[Material supplied]
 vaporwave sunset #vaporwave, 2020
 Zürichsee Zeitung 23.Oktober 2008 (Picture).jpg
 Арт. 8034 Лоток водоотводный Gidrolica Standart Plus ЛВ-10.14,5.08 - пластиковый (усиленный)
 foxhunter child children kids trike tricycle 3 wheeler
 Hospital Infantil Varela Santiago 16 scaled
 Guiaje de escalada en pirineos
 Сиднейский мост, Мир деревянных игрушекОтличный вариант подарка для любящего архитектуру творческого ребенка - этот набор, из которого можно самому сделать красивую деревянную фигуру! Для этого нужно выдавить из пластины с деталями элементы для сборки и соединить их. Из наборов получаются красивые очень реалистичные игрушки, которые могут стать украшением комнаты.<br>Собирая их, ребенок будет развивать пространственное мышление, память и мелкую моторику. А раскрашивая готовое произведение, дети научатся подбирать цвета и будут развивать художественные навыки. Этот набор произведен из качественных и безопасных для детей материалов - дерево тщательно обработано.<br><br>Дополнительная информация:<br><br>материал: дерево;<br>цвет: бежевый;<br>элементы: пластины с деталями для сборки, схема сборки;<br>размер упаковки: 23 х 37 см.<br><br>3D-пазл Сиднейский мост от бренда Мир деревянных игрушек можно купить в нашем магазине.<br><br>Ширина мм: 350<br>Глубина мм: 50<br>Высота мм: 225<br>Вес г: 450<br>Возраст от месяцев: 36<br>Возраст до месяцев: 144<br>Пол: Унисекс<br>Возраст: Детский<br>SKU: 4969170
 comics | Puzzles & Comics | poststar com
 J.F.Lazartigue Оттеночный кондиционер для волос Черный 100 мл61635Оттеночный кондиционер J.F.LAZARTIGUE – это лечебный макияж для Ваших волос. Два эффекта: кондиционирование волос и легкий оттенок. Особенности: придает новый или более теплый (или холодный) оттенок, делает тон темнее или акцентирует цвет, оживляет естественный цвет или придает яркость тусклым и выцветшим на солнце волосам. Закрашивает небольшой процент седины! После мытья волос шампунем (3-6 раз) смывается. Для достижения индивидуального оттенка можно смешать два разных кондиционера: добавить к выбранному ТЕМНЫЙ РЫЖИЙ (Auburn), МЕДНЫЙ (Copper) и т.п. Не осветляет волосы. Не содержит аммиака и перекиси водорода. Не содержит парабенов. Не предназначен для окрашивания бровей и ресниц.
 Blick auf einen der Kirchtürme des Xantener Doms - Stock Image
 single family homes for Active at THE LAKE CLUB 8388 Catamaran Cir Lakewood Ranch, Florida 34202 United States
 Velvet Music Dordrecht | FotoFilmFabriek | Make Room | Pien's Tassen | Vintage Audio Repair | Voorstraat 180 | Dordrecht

[Task instructions]
Please give the material above once more, unchanged.

[Solution]
 vaporwave sunset #vaporwave, 2020
 Zürichsee Zeitung 23.Oktober 2008 (Picture).jpg
 Арт. 8034 Лоток водоотводный Gidrolica Standart Plus ЛВ-10.14,5.08 - пластиковый (усиленный)
 foxhunter child children kids trike tricycle 3 wheeler
 Hospital Infantil Varela Santiago 16 scaled
 Guiaje de escalada en pirineos
 Сиднейский мост, Мир деревянных игрушекОтличный вариант подарка для любящего архитектуру творческого ребенка - этот набор, из которого можно самому сделать красивую деревянную фигуру! Для этого нужно выдавить из пластины с деталями элементы для сборки и соединить их. Из наборов получаются красивые очень реалистичные игрушки, которые могут стать украшением комнаты.<br>Собирая их, ребенок будет развивать пространственное мышление, память и мелкую моторику. А раскрашивая готовое произведение, дети научатся подбирать цвета и будут развивать художественные навыки. Этот набор произведен из качественных и безопасных для детей материалов - дерево тщательно обработано.<br><br>Дополнительная информация:<br><br>материал: дерево;<br>цвет: бежевый;<br>элементы: пластины с деталями для сборки, схема сборки;<br>размер упаковки: 23 х 37 см.<br><br>3D-пазл Сиднейский мост от бренда Мир деревянных игрушек можно купить в нашем магазине.<br><br>Ширина мм: 350<br>Глубина мм: 50<br>Высота мм: 225<br>Вес г: 450<br>Возраст от месяцев: 36<br>Возраст до месяцев: 144<br>Пол: Унисекс<br>Возраст: Детский<br>SKU: 4969170
 comics | Puzzles & Comics | poststar com
 J.F.Lazartigue Оттеночный кондиционер для волос Черный 100 мл61635Оттеночный кондиционер J.F.LAZARTIGUE – это лечебный макияж для Ваших волос. Два эффекта: кондиционирование волос и легкий оттенок. Особенности: придает новый или более теплый (или холодный) оттенок, делает тон темнее или акцентирует цвет, оживляет естественный цвет или придает яркость тусклым и выцветшим на солнце волосам. Закрашивает небольшой процент седины! После мытья волос шампунем (3-6 раз) смывается. Для достижения индивидуального оттенка можно смешать два разных кондиционера: добавить к выбранному ТЕМНЫЙ РЫЖИЙ (Auburn), МЕДНЫЙ (Copper) и т.п. Не осветляет волосы. Не содержит аммиака и перекиси водорода. Не содержит парабенов. Не предназначен для окрашивания бровей и ресниц.
 Blick auf einen der Kirchtürme des Xantener Doms - Stock Image
 single family homes for Active at THE LAKE CLUB 8388 Catamaran Cir Lakewood Ranch, Florida 34202 United States
 Velvet Music Dordrecht | FotoFilmFabriek | Make Room | Pien's Tassen | Vintage Audio Repair | Voorstraat 180 | Dordrecht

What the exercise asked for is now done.